Temporal Reasoning & Prediction Engine
Uses memory decay and temporal patterns to predict future states and detect
temporal inconsistencies.
Key features:
- Predict future states based on decay patterns
- Detect temporal anomalies (sudden changes in behavior)
- Forecast interest decay ("likely lost interest in X")
- Temporal conflict detection (past vs present vs future)

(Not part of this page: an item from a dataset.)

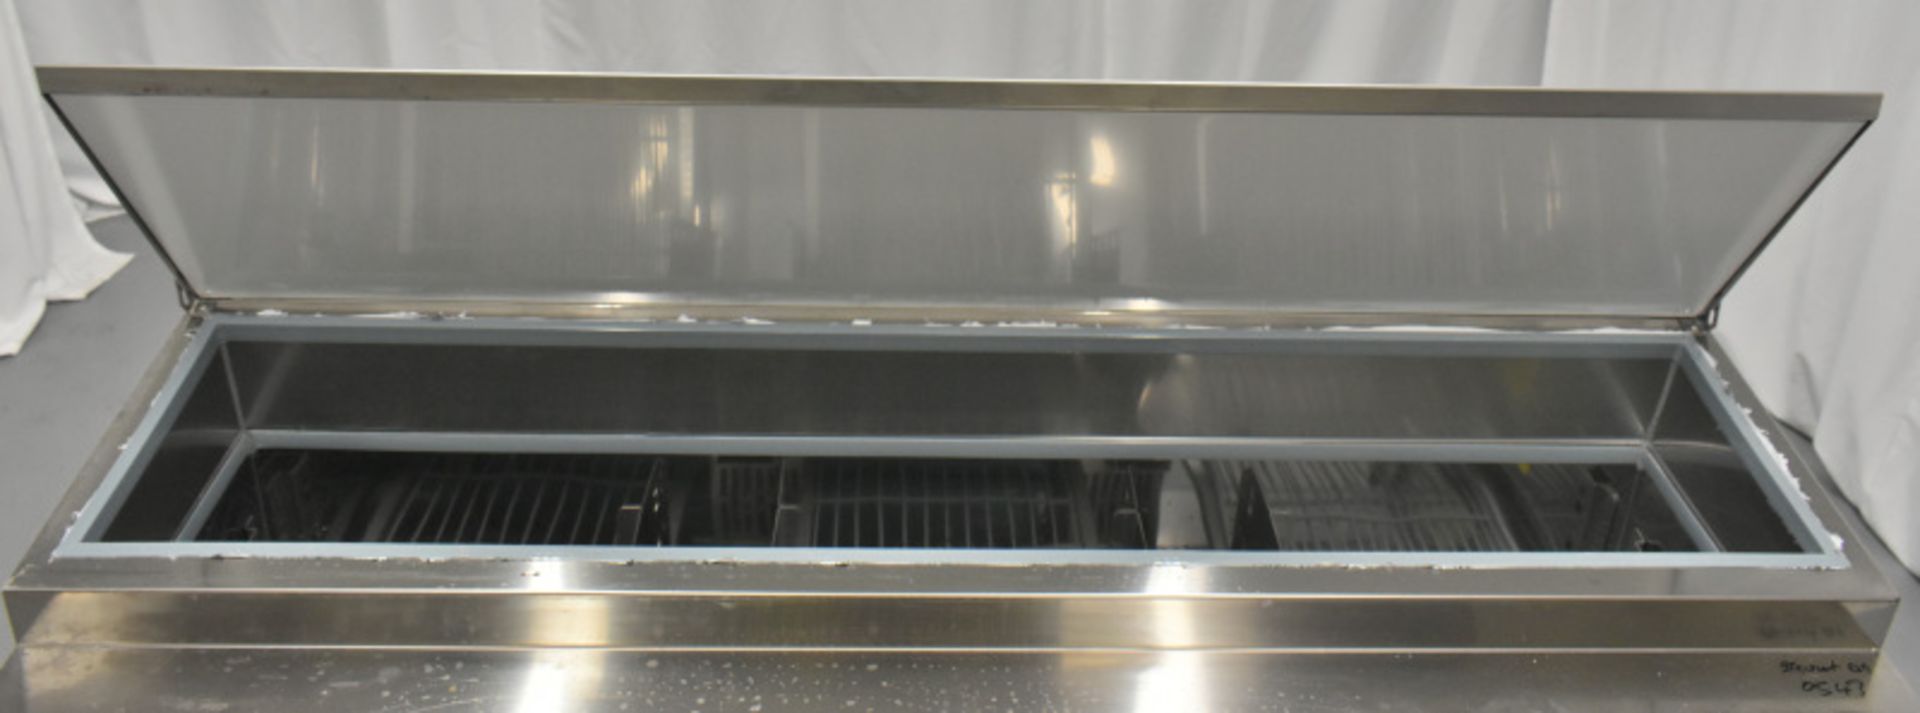 Polar 3 Door Refrigerated Pizza & Salad Prep Counter - Model G605 Serial No.G605 21085737 - Image 5 of 12

Research potential: "Temporal Dynamics in AI Memory Systems"
"""
from typing import List, Dict, Optional, Tuple
from datetime import datetime, timedelta
import math
from dataclasses import dataclass
from loguru import logger
from src.core.models import MemoryAtom
from src.pipeline.memory_pipeline import MemoryPipeline
@dataclass
class TemporalPrediction:
"""Prediction about future state"""
atom_id: str
prediction_type: str # "decay", "revival", "anomaly"
confidence: float
predicted_date: datetime
reasoning: str
current_strength: float
predicted_strength: float
@dataclass
class TemporalAnomaly:
"""Detected temporal anomaly"""
atom_id: str
anomaly_type: str # "sudden_revival", "rapid_decay", "inconsistent_pattern"
severity: float # 0.0-1.0
detected_at: datetime
description: str
class TemporalReasoningEngine:
"""
Analyzes temporal patterns in memory to make predictions and detect anomalies.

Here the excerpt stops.